Let f(P)=16 and f(Q)=24 where P=(4,5) and Q=(4.03,4.96)
Approximate the directional derivative of f at P in the direction of Q.

Answer 1

If it helps, I've found the magnitudes of P and Q.
\[|P|=(4/\sqrt{41},5/\sqrt{41}), |Q|=(0.63,0.78)\]

Answer 2

it looks to me like they want you to use linear approximation or differentials, since \(P\approx Q\)

Answer 3

USE limits of multivariable functions to solve this, i.e use partial derivative definition of limit.
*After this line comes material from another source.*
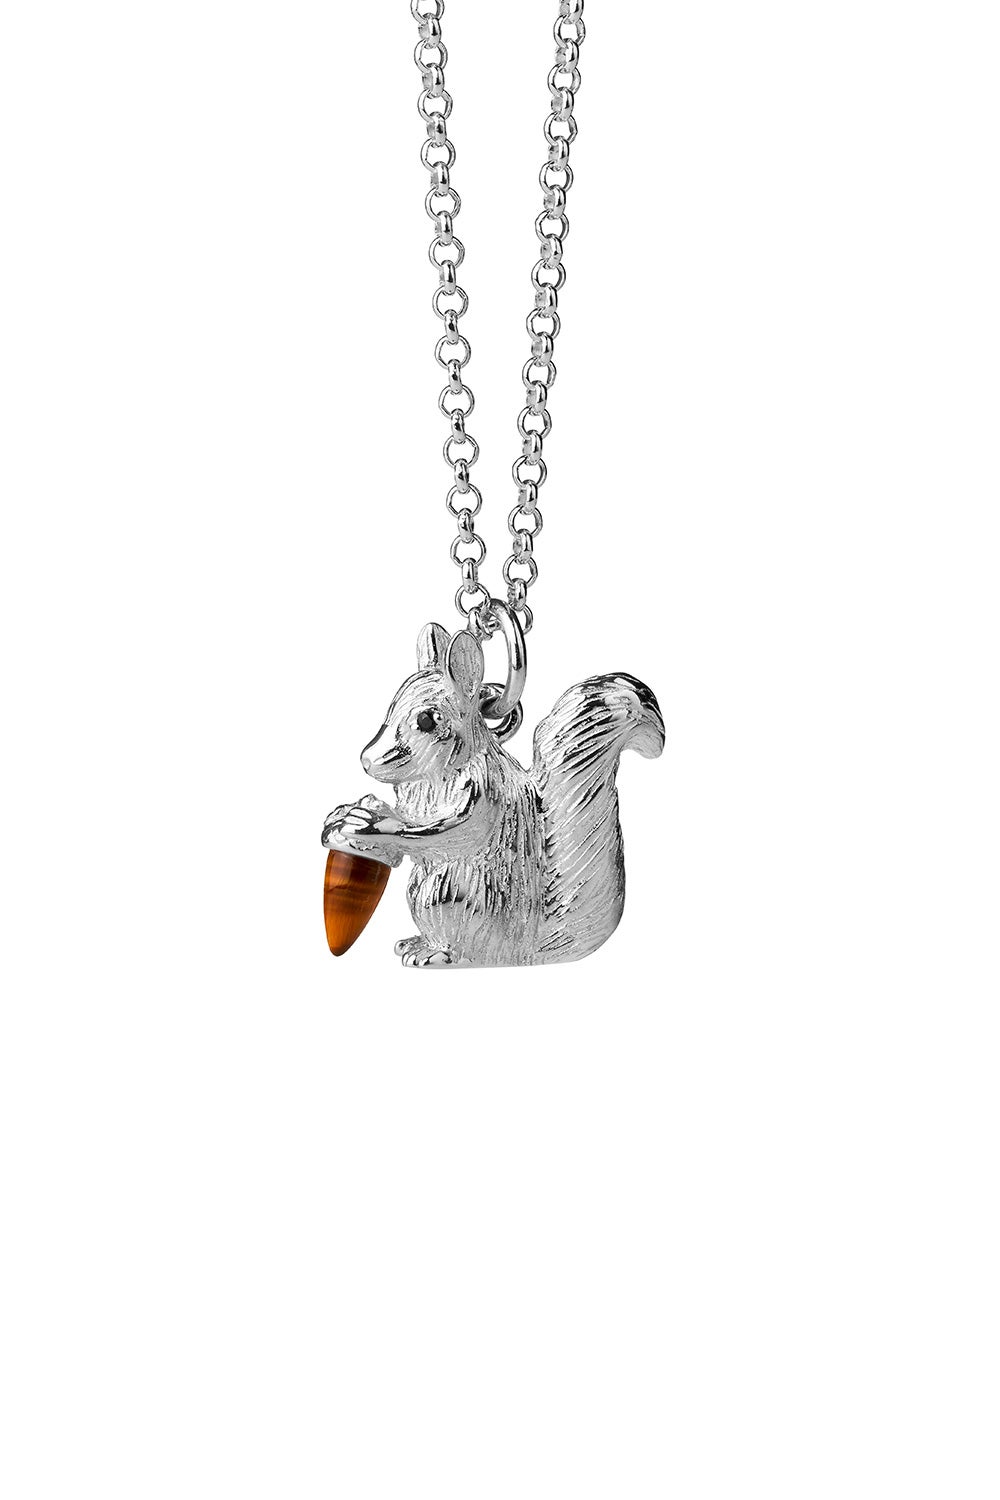 Squirrel Necklace Silver with Tiger's Eye and Black Spinel
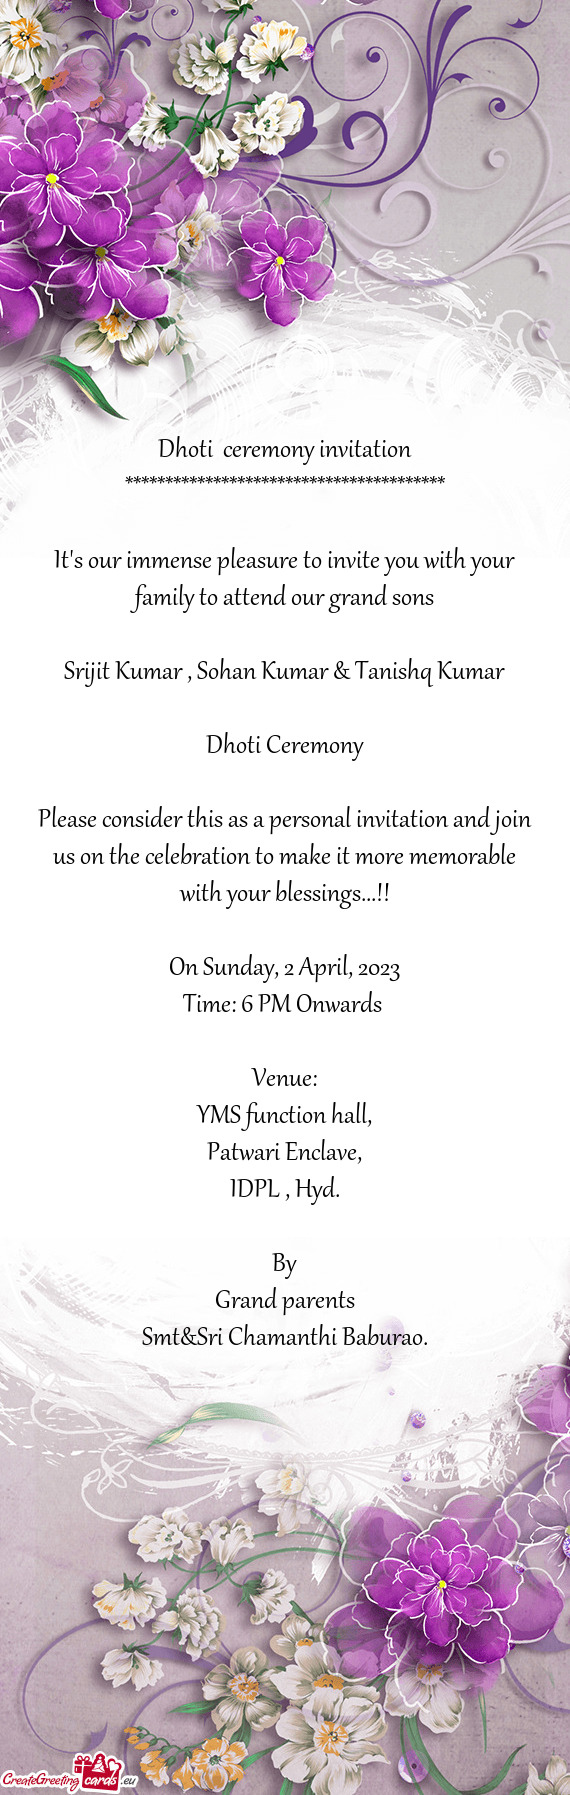 It's our immense pleasure to invite you with your family to attend our grand sons

Directional is given by "nabla" the inverted trianlge operator

Answer 4

\[\lim_{h \rightarrow 0}\frac{ f(a+h,b)-f(a,b) }{ h }\]\[\lim_{h \rightarrow 0}\frac{ f(4+h,5)-f(4,5) }{ h }\]\[\lim_{h \rightarrow 0}\frac{ f(4+h,5)-16 }{ h }\]

Answer 5

for vectors \(Q\approx P\), we have the multivariable linear approximation as\[D_{\vec u}f(x,y)\approx f(P)+\nabla f(P)\cdot(Q-P)\]

Answer 6

I'm not sure how to find the gradient of f(P), since it's a whole number.
\[D_u \approx16+gradf(P)*(0.03,-0.04)\]

Answer 7

Oh I messed up...
I am sort of winging it here but I was supposed to write\[f(Q)\approx f(P)+\nabla f(P)\cdot(Q-P)\]So I wonder if we can get to something like\[f(Q)\approx f(P)+D_{\vec Q}f(P)(Q-P)\]somehow, the, solve for \(D_{\vec Q}f(P)\)
not sure about the second formula though; I sort of just made it up...

Answer 8

\[24=16+∇f(P)⋅(0.03,-0.04)\]\[8=∇f(P)⋅(0.03,−0.04)\]Not even sure if I can do that, but I did.

Is your dot in there symbolizing a dot product, or multiplication? I'm assuming it's a dot product.